REQUIRED ACTION ▸ Only these lines of the data below are wanted: the one with "Photo 14 at", the one with "Long Sleeve Twist Front Tee In Black", and any lines between them, each repeated exactly.

DATA EXCERPTS ▸
>>>>>
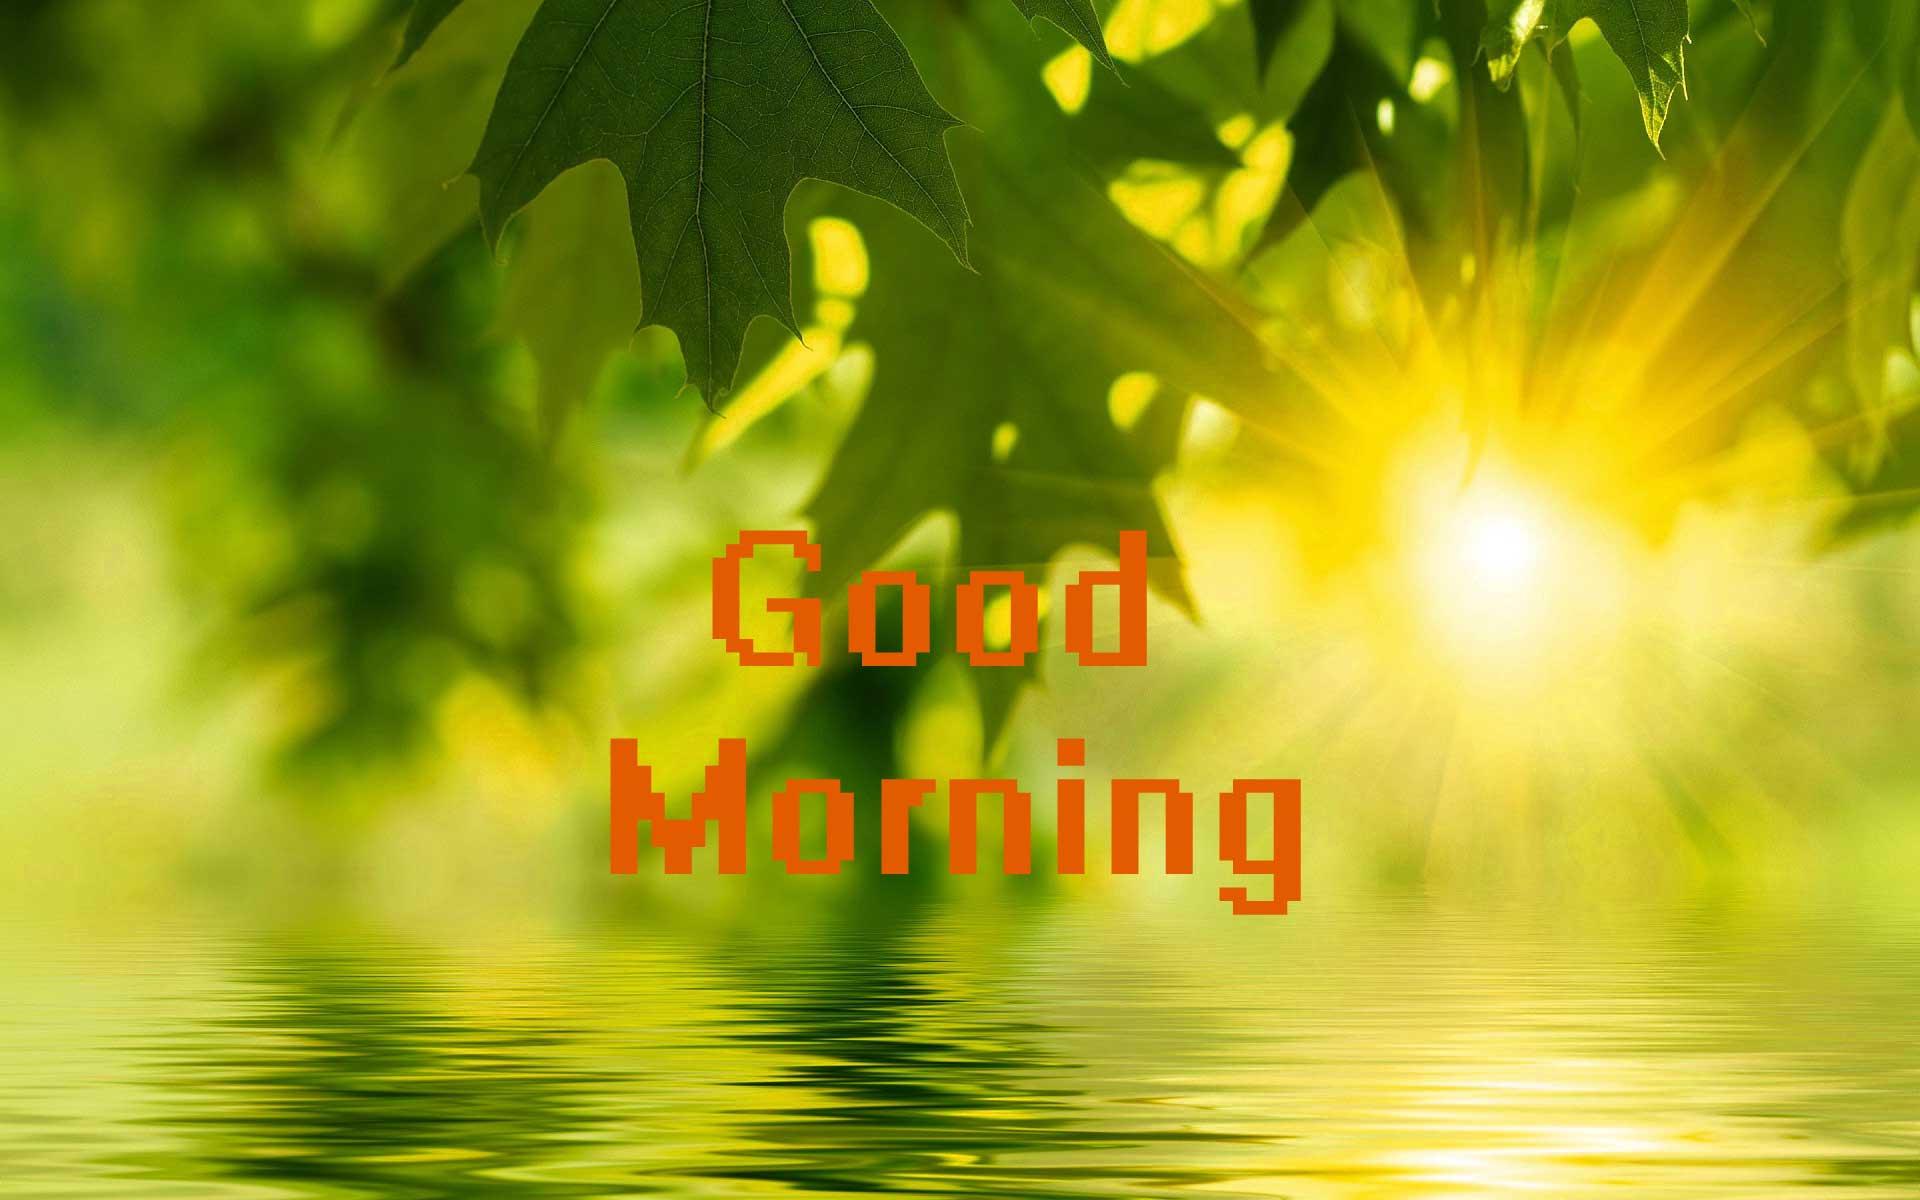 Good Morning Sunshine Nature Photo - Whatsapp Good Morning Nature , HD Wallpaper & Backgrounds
<<<<<
>>>>>
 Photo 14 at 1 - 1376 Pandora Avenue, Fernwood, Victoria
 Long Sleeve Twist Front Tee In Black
<<<<<
RESULT OF THIS TASK ▸
 Photo 14 at 1 - 1376 Pandora Avenue, Fernwood, Victoria
 Long Sleeve Twist Front Tee In Black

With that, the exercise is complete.